Your company has probably got many diverse services. And it turns out that no matter how many people there are following this model, there's gonna be a service that goes, hey, I looked at the docs, I looked at the code, it doesn't really fit my service. How do I fit this to my service? And if they don't have someone to ask, they're not gonna do it. Testing, make testing easy.
Remember that these tools are building culture. They're not just about finding the fact that someone put three spaces where they should have put two. These tools need to be a part of your culture, which means if I have to remember to run them, I'm not, and then it's not a part of your culture anymore. Make it automatic the way GitHub does. There's many tools to do this.
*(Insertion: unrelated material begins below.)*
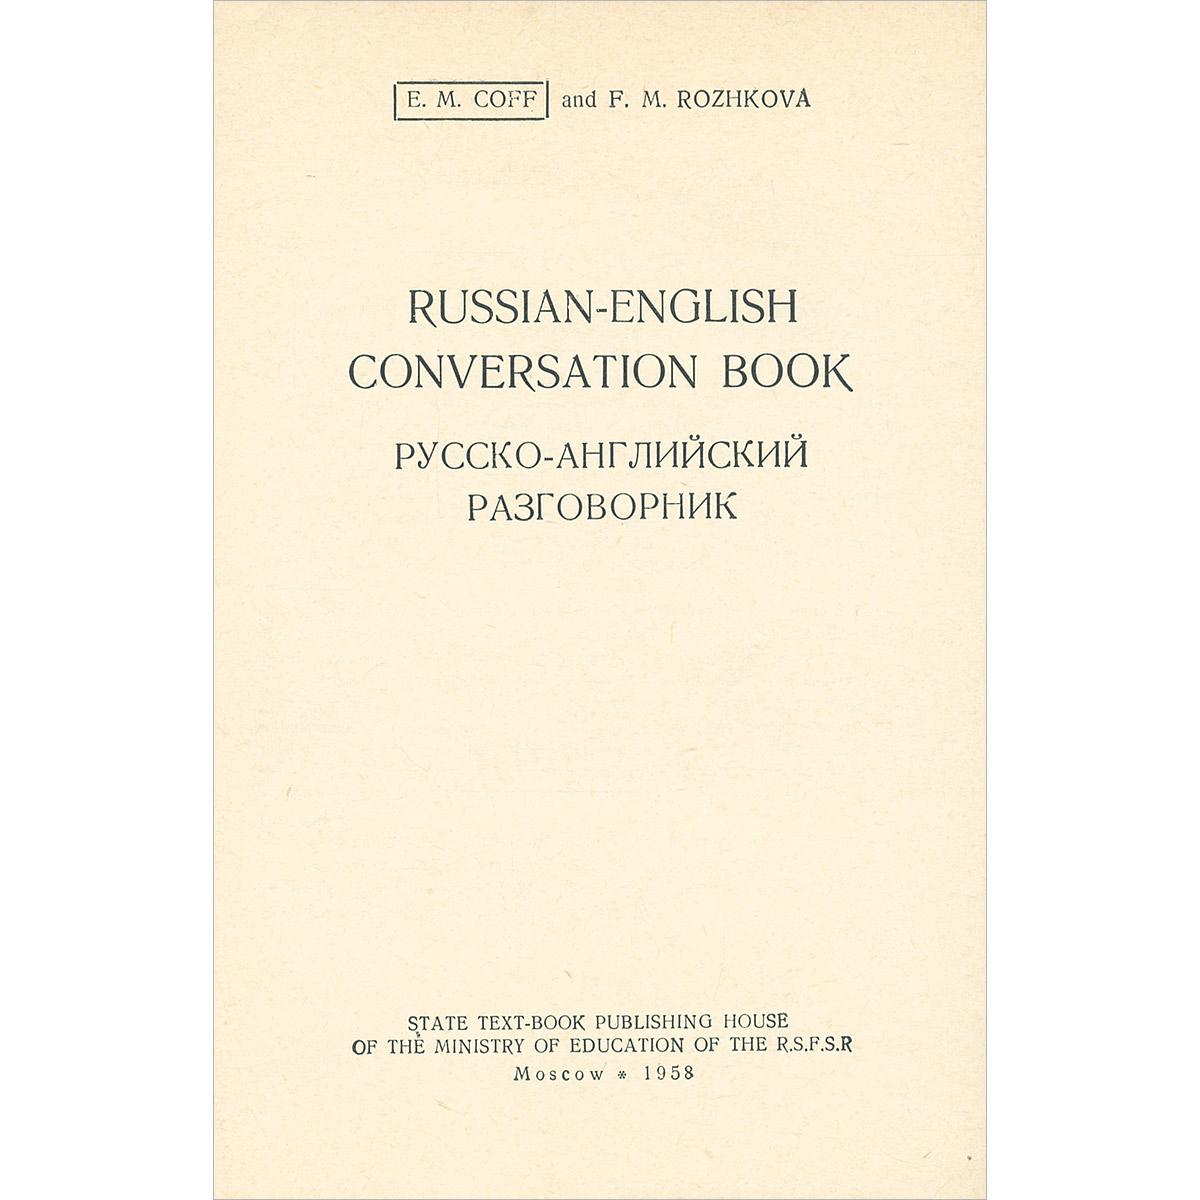 Russian-English Conversation Book / ������-���������� �����������
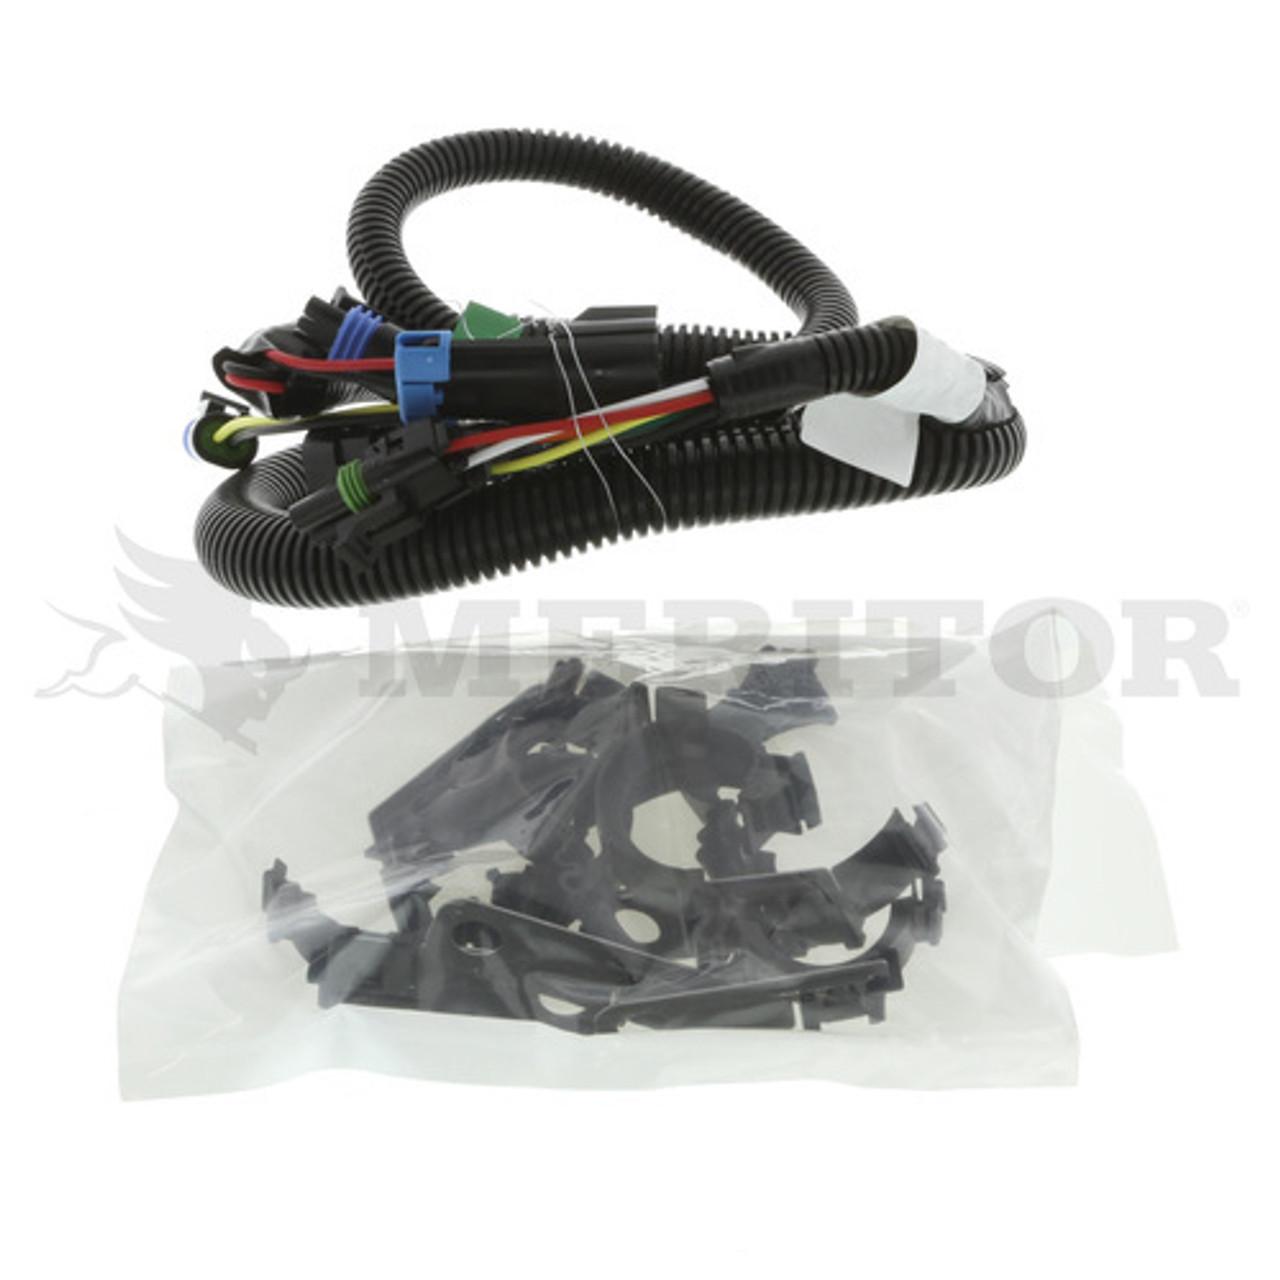 KIT5431 Rockwell Meritor Transmission Wiring Harness Kit G on

Production testing. Talked to a guy outside in the hallway literally 20 minutes ago, who was trying to engineer this entire thing to diff things and whatever. And I was like, what problem are you trying to solve? And it turned out that the only thing he needed to be able to do was see if this was gonna work in prod on one machine before he deployed it to
the rest of the world. Production testing also buys, imagine you are a team that has been managing your application or your systems or your containers by hand. And now you're being asked to automate it. Well, if you automate it all in test, you probably still don't feel comfortable just throwing it into prod. And even once that automation is in production, when you change that
automation, you wanna be like, is it gonna work with all the real traffic that we get, right? Production testing is really important, and I'm not saying it supplants other sorts of testing environments. It does not, but it's a good tool to have to make people feel comfortable about the model you're asking them to adopt.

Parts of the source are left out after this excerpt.